- _Task description_:
Everything from the line with "DK Fat Kitty" down to the line with "Dunlop Tyres Advert" below must be printed exactly, those two lines included. Exclude pictures.

- _Data provided_:
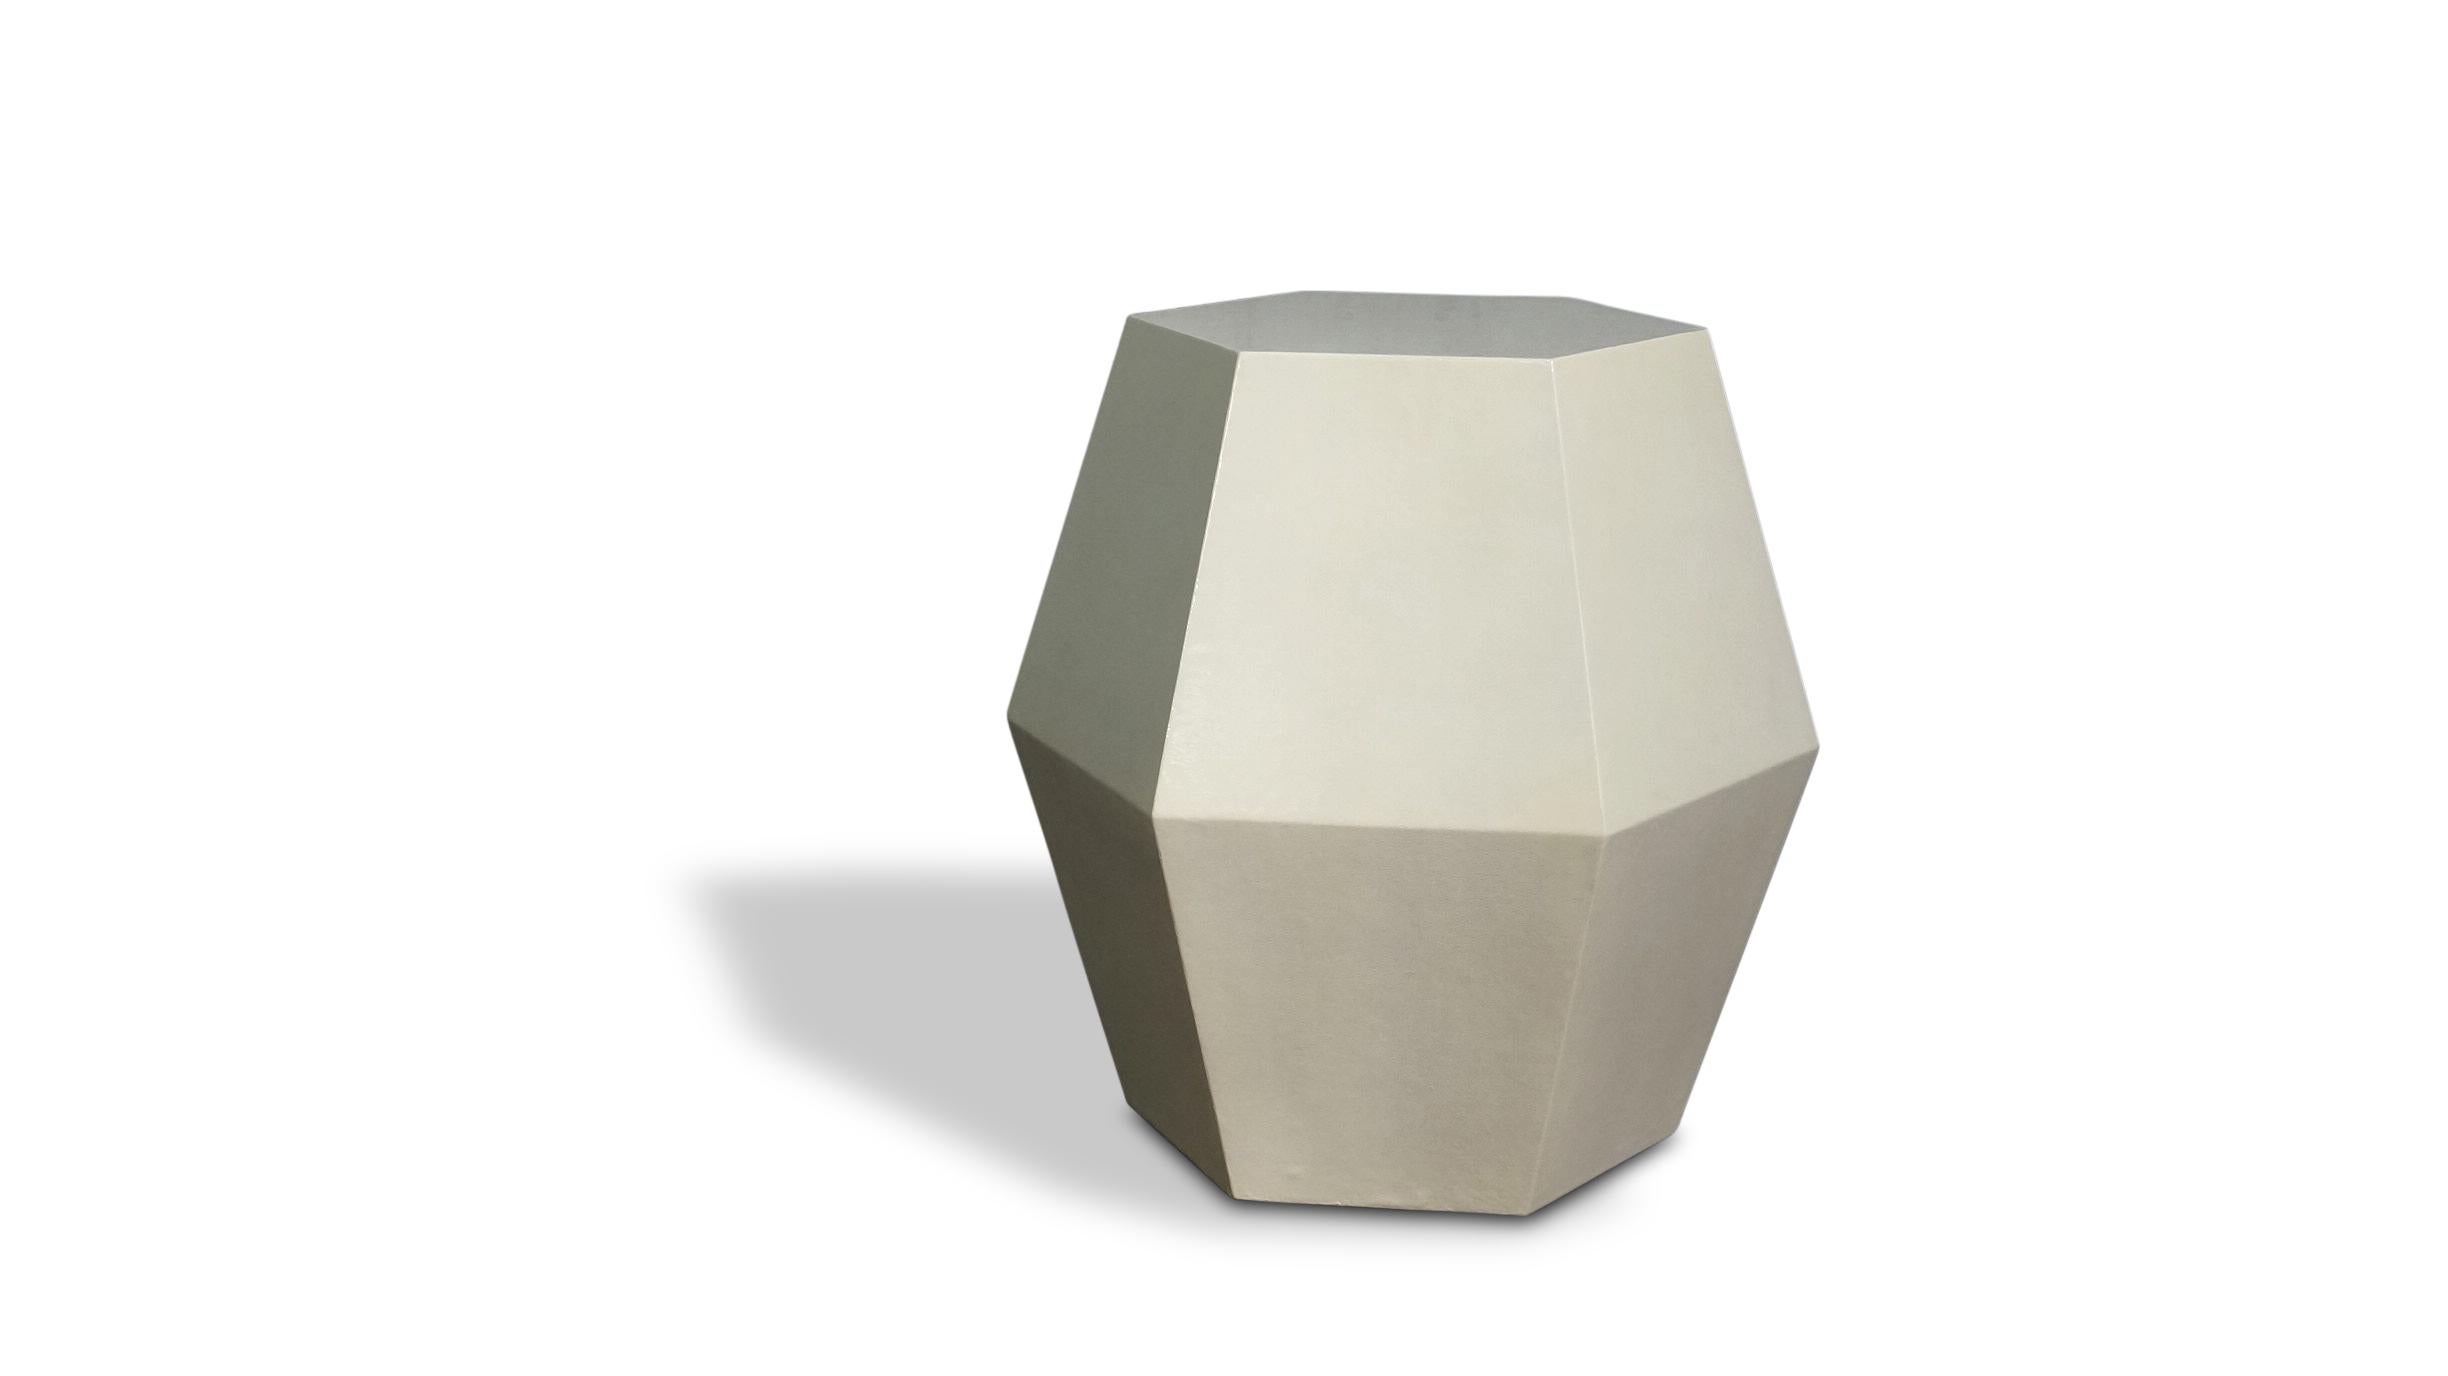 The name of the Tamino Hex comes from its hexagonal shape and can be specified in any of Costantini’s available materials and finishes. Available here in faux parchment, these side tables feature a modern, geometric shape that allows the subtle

---

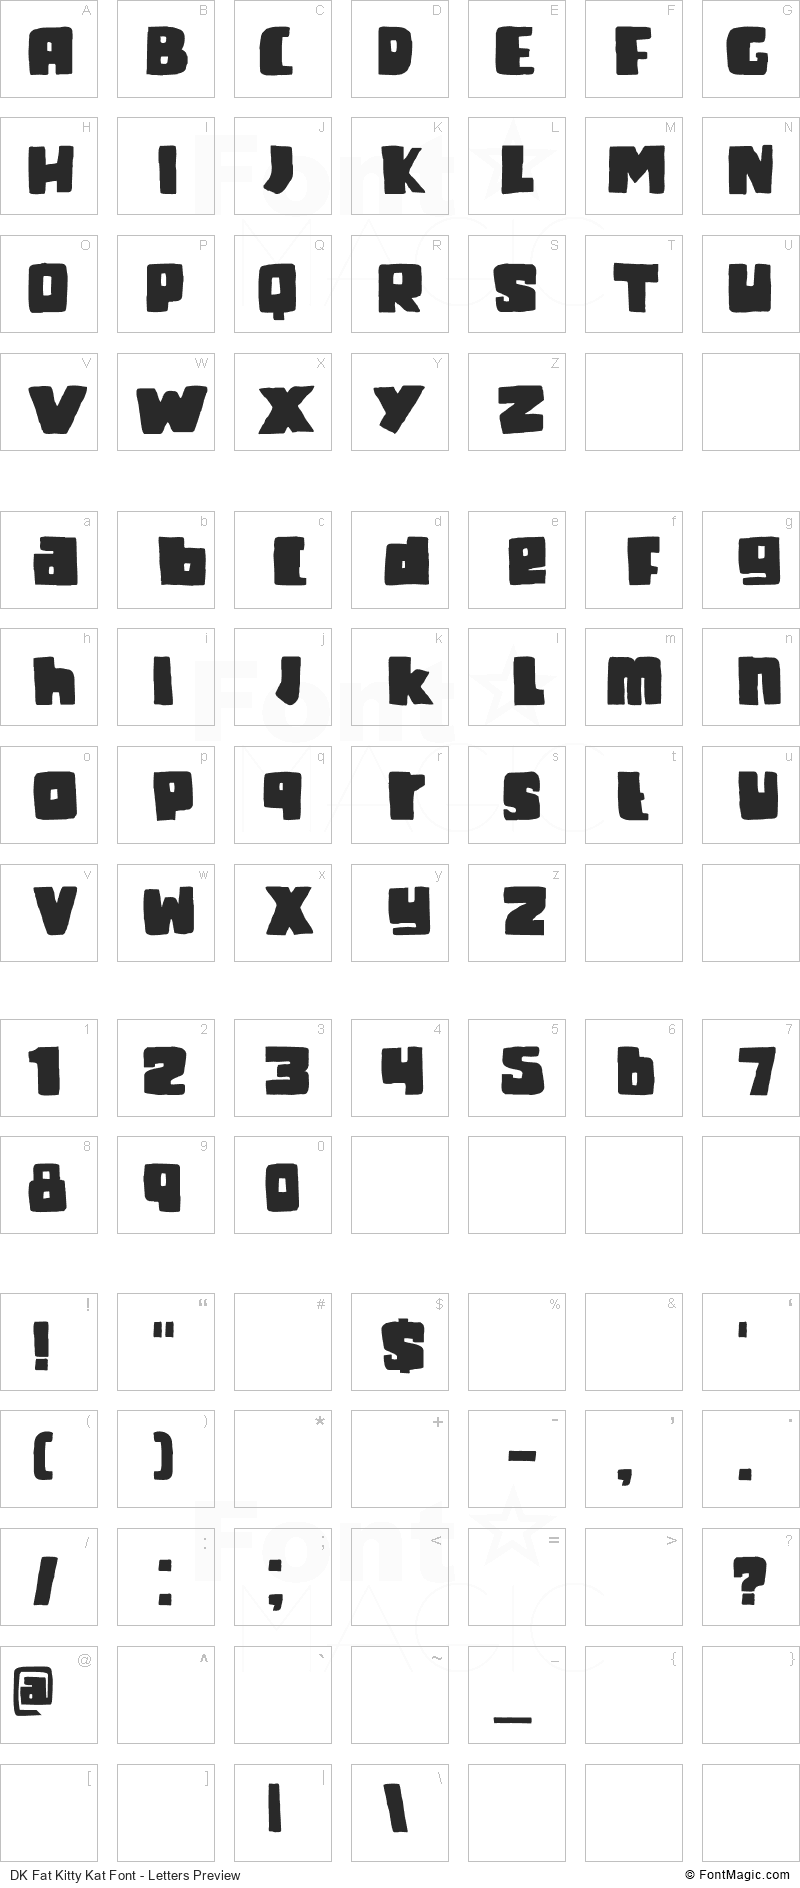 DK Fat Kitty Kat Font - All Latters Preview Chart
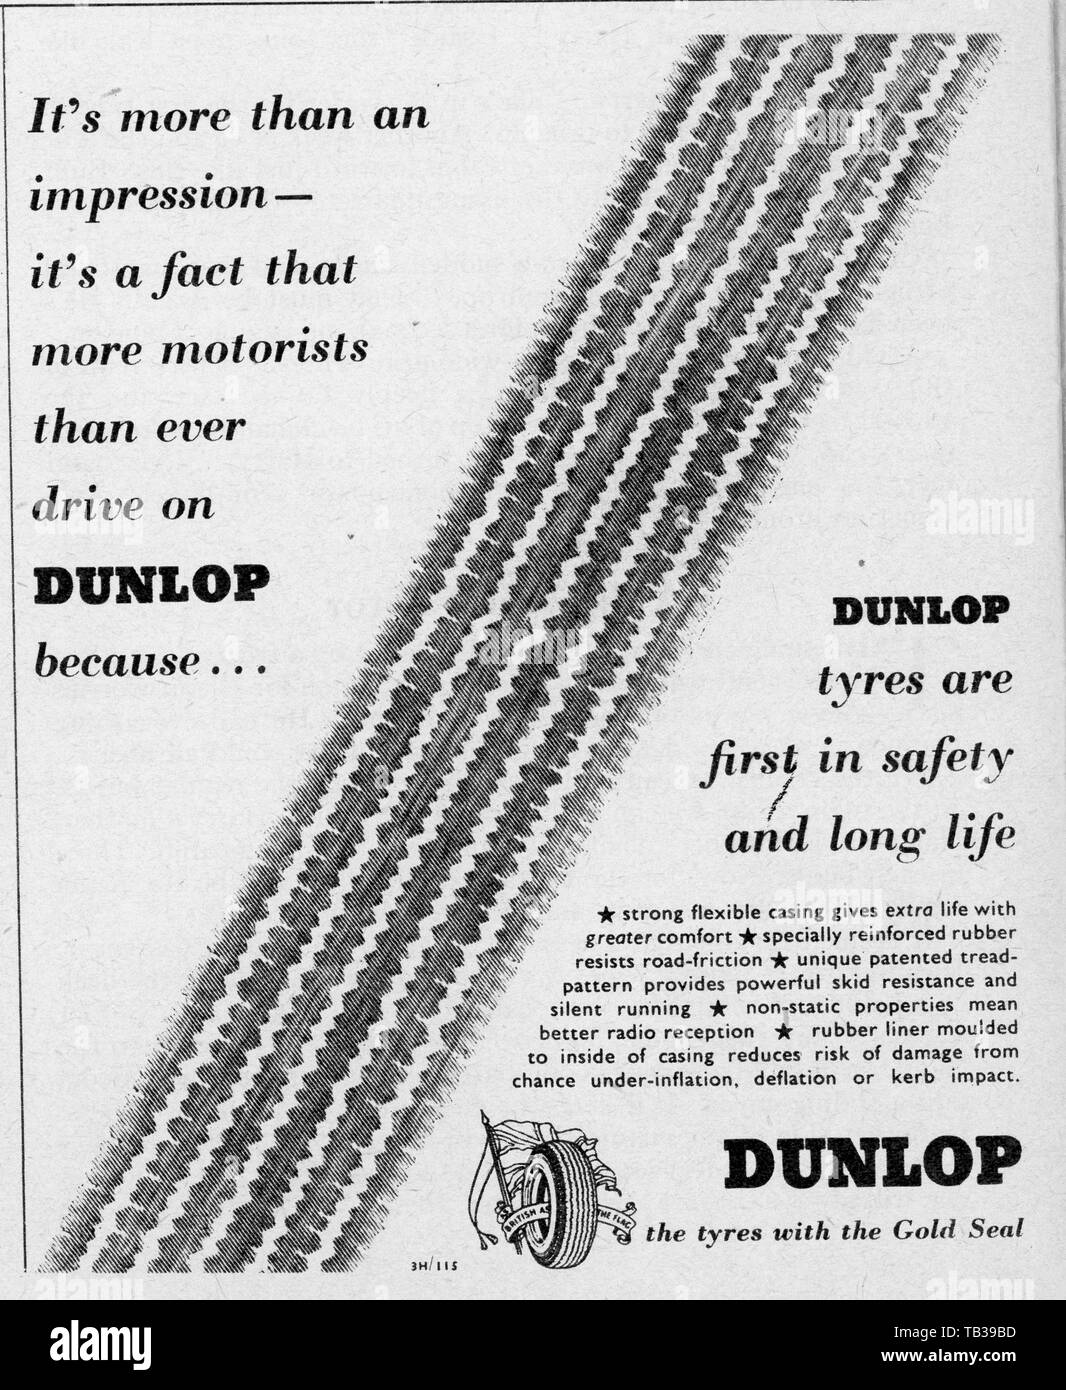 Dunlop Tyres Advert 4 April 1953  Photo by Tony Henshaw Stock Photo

- _Solution for this exercise_:
 DK Fat Kitty Kat Font - All Latters Preview Chart
 Dunlop Tyres Advert 4 April 1953  Photo by Tony Henshaw Stock Photo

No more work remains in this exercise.